On December 22, 2017, the recent tax reform package known as the “Tax Cuts and Jobs Act of 2017” was signed into law. The new Act, effective for the 2018 tax year, contains many sweeping changes to the current tax system, including provisions that could impact the tax deductibility of the proceeds received from sales of the commodities to CVA.
Language from the new law indicates that producers may be entitled to a tax deduction of up to 20% of distributions received from certain types of entities, including payments received from qualified cooperatives as per unit retains paid in money for sales of commodities, provided the payments are includible in the members’ gross income.
This deduction is not available to payments received for commodities sold to private grain companies or ethanol organizations, operating as C-corporation taxpayers.

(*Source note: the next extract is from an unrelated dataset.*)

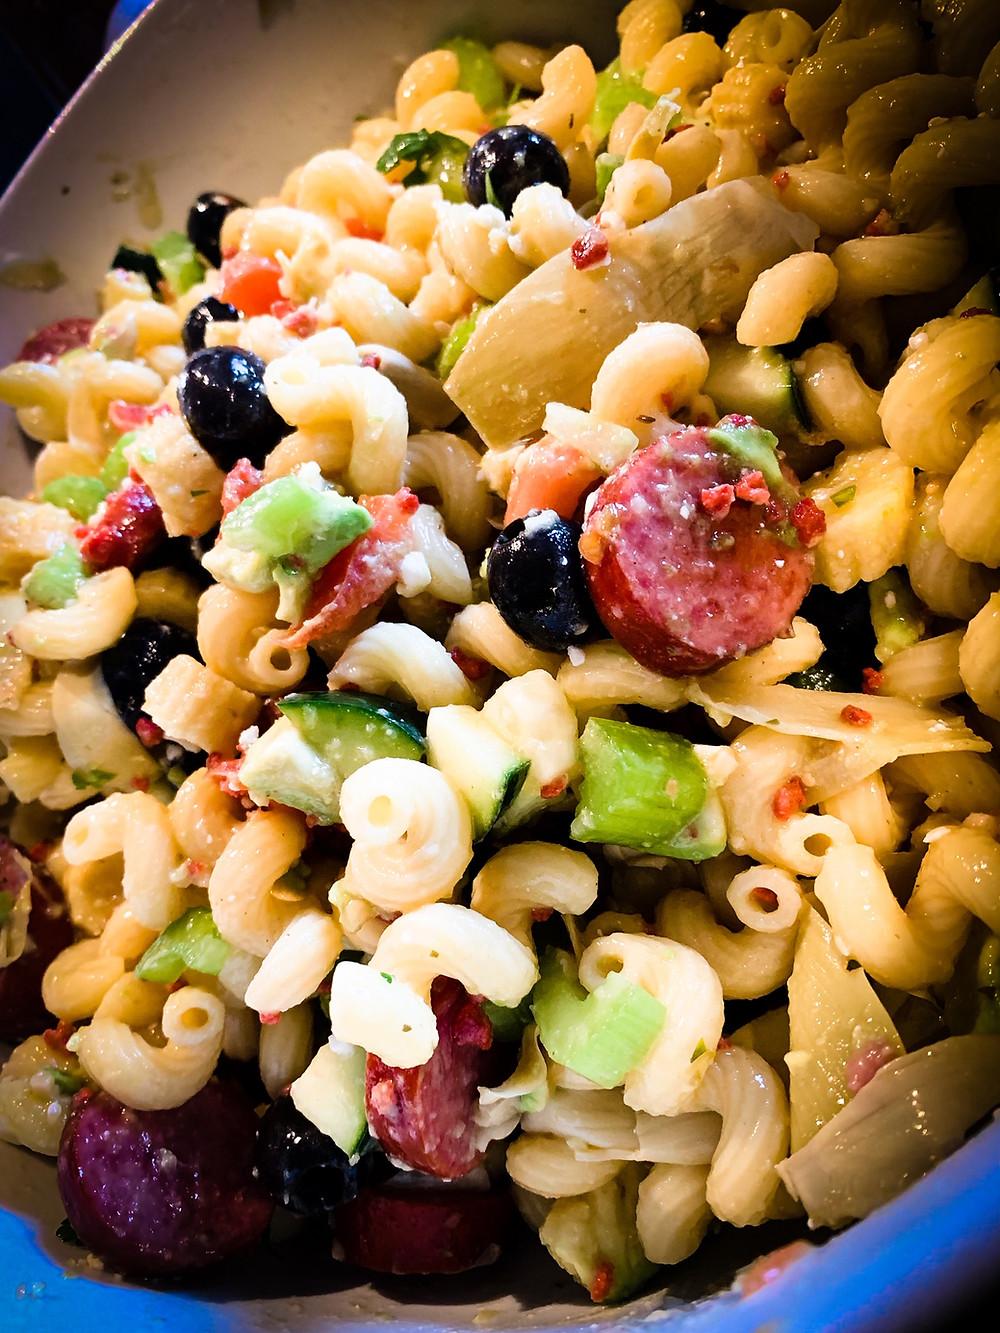 Tomatillo Hot Sauce Pasta Salad Recipe

Considering the potential 20% tax deduction, the value of commodities sold to cooperatives appears very favorable when compared to the value of commodities sold to private grain or ethanol organizations that cannot provide the same advantages. This year, we encourage you to carefully consider these opportunities when making decisions concerning your operations.
The Treasury Department and Internal Revenue Service are still in the process of implementing the provisions of the new Act. Due to these circumstances and because tax strategies and tax consequences vary from producer to producer, our communications regarding these provisions should not be considered as tax advice. We encourage you to confer with your trusted tax professional to better understand the tax implications and possible benefits under these new provisions.
We appreciate your business and look forward to serving you!